● **DIRECTIONS**: Search the records for the string "Black". Copy each line where it occurs.

● **MATERIAL SUPPLIED**:
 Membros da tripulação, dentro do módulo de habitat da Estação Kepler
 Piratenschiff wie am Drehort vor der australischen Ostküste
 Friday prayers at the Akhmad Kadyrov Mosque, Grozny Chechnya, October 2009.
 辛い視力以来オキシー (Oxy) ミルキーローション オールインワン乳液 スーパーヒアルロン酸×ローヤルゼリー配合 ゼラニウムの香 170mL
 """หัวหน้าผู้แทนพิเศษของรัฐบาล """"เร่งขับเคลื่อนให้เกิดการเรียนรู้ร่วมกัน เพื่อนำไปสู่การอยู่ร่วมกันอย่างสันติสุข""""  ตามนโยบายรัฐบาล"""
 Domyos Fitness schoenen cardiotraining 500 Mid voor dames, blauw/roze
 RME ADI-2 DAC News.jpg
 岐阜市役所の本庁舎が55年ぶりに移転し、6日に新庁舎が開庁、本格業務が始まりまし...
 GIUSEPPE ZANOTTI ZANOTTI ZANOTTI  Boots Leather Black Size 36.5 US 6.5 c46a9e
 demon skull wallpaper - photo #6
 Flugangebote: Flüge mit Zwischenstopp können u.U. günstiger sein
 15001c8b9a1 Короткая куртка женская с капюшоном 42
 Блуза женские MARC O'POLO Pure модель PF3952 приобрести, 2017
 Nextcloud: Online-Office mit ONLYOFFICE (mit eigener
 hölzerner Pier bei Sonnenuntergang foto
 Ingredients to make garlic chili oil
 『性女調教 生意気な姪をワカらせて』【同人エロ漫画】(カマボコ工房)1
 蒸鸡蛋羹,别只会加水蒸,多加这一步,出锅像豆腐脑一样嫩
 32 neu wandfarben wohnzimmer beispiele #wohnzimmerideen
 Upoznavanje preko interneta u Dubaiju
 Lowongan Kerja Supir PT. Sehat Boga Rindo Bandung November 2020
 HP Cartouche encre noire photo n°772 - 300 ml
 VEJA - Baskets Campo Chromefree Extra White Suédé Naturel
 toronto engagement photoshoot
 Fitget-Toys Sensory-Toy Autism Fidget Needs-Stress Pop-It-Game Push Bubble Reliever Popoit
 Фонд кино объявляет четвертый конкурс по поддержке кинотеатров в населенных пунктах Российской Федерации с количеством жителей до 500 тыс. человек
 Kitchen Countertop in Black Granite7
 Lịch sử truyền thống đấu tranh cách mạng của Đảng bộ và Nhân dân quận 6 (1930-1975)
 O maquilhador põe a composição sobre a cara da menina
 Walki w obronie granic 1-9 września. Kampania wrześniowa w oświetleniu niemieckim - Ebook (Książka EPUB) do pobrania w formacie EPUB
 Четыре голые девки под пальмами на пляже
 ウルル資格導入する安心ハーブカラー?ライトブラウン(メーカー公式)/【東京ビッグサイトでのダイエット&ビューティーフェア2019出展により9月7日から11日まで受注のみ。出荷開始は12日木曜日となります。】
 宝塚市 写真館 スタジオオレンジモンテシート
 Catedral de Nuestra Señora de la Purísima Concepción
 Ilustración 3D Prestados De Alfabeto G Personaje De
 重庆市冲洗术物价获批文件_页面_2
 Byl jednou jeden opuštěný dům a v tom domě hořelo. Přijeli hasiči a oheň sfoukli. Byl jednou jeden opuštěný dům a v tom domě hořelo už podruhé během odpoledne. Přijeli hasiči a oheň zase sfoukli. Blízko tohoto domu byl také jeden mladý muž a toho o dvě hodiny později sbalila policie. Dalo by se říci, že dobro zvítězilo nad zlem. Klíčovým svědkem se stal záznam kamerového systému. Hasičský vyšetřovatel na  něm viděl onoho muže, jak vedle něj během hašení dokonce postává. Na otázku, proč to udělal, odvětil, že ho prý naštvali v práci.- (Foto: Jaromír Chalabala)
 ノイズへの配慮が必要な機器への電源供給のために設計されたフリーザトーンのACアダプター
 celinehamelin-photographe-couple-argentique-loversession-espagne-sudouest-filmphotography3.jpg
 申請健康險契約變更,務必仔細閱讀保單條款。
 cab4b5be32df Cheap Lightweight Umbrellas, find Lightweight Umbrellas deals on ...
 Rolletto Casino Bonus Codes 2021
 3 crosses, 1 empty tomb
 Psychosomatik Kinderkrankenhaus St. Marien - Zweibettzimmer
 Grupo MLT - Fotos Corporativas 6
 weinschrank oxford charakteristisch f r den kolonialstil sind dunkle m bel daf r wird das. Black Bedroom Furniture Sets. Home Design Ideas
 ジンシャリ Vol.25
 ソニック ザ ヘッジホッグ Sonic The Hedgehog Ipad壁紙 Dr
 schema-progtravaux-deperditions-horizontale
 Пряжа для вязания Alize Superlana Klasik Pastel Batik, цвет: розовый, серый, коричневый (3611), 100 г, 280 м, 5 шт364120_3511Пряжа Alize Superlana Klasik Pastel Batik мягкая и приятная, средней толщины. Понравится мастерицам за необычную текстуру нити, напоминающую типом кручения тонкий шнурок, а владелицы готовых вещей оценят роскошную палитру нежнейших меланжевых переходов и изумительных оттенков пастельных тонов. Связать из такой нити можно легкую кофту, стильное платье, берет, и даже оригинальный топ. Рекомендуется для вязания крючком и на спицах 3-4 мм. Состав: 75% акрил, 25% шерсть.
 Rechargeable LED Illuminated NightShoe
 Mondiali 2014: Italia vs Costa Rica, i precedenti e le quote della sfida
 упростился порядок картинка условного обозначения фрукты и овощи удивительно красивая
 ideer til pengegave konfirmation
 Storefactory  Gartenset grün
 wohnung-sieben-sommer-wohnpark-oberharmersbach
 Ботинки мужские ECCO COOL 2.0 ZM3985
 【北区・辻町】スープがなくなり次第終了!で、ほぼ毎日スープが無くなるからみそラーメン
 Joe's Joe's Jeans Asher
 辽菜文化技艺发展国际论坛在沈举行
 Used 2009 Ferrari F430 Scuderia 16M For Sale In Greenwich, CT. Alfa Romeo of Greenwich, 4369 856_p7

● **RESPONSE AREA**:
 GIUSEPPE ZANOTTI ZANOTTI ZANOTTI  Boots Leather Black Size 36.5 US 6.5 c46a9e
 Kitchen Countertop in Black Granite7
 weinschrank oxford charakteristisch f r den kolonialstil sind dunkle m bel daf r wird das. Black Bedroom Furniture Sets. Home Design Ideas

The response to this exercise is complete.